--- MATERIAL FOR THIS TASK Enclosed Below ---

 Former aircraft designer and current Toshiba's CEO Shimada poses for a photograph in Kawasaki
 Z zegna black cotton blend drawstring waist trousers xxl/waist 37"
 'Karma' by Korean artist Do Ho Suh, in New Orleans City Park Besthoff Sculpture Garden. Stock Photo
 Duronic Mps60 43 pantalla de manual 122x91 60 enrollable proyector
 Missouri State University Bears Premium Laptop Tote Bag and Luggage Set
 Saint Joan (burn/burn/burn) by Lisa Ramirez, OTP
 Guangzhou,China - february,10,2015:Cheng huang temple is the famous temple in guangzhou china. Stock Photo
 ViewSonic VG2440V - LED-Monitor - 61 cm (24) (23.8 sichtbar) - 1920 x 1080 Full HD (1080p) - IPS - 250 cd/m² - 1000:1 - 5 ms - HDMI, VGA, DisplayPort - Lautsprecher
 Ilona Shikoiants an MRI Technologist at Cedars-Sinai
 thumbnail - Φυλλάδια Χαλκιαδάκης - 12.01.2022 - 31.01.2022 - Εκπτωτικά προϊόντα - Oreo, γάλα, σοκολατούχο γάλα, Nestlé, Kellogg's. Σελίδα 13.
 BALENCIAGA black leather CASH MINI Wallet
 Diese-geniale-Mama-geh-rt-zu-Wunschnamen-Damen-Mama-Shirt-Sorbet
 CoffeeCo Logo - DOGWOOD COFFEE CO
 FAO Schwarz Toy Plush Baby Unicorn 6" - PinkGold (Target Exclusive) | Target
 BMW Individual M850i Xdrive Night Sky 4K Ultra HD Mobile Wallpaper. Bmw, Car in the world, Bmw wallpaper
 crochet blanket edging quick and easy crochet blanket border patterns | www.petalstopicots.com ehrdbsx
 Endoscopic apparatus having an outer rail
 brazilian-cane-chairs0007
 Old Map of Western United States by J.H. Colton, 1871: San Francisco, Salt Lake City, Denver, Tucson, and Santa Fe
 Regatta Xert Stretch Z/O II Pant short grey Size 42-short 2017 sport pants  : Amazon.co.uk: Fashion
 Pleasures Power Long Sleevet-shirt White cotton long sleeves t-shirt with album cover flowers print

--- End of Enclosed MATERIAL FOR THIS TASK ---

▶ [DIRECTIONS]: Reply with nothing but the number of lines in the entries that include "black".

▶ [YOUR SOLUTION]: 2